Go to the line containing "Historic fortifications facing" in the records below and print it and every following line exactly, on through the line containing "LCD CANON S110, POWERSHOT S110V (PC1819)", then stop.

━━━ RECORDS FOR PROCESSING ━━━

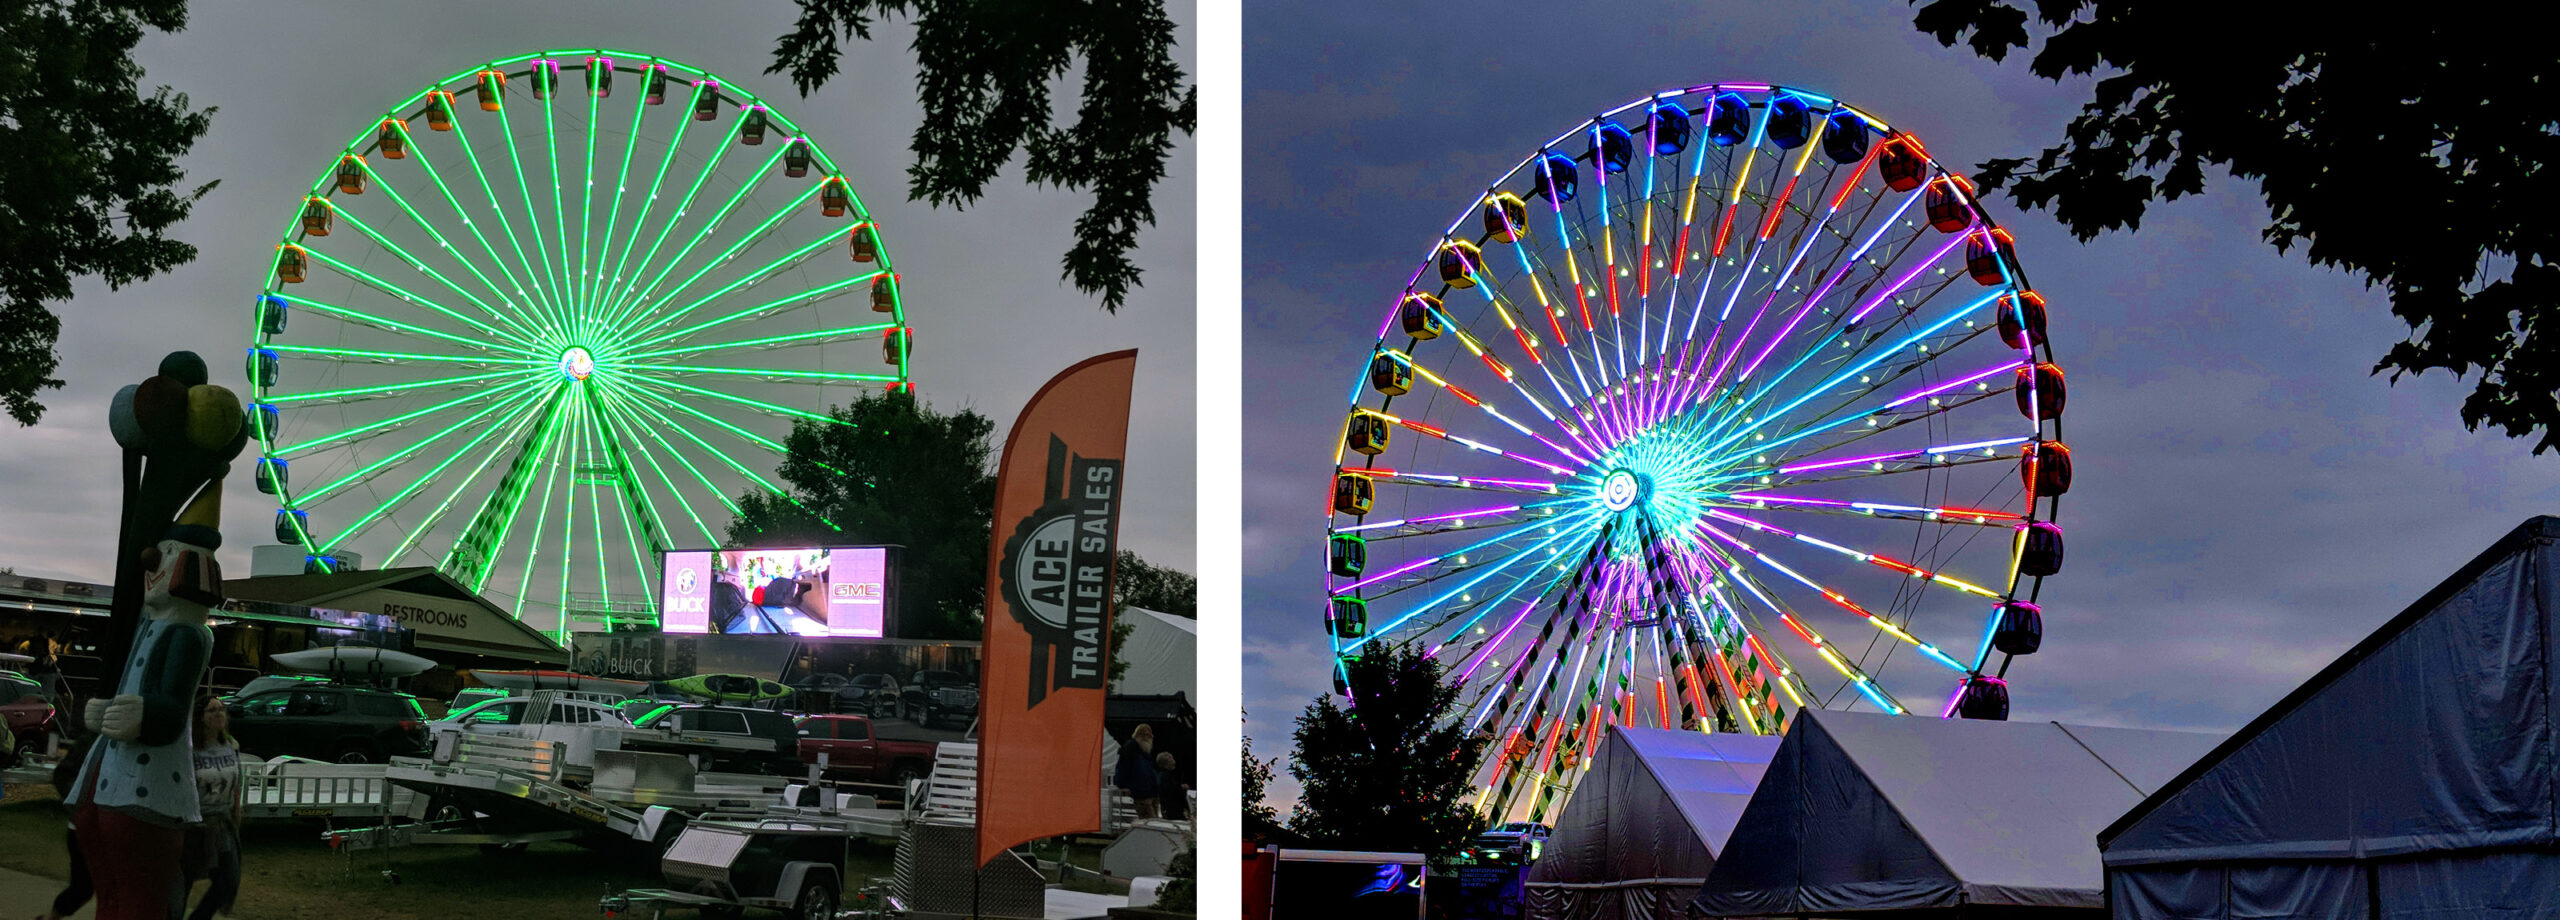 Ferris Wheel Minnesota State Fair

━━━
━━━ RECORDS FOR PROCESSING ━━━

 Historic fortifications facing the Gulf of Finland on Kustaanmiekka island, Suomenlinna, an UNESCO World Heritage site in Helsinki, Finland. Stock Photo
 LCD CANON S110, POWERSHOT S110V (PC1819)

━━━

SOLUTION TO THE PROBLEM >>
 Historic fortifications facing the Gulf of Finland on Kustaanmiekka island, Suomenlinna, an UNESCO World Heritage site in Helsinki, Finland. Stock Photo
 LCD CANON S110, POWERSHOT S110V (PC1819)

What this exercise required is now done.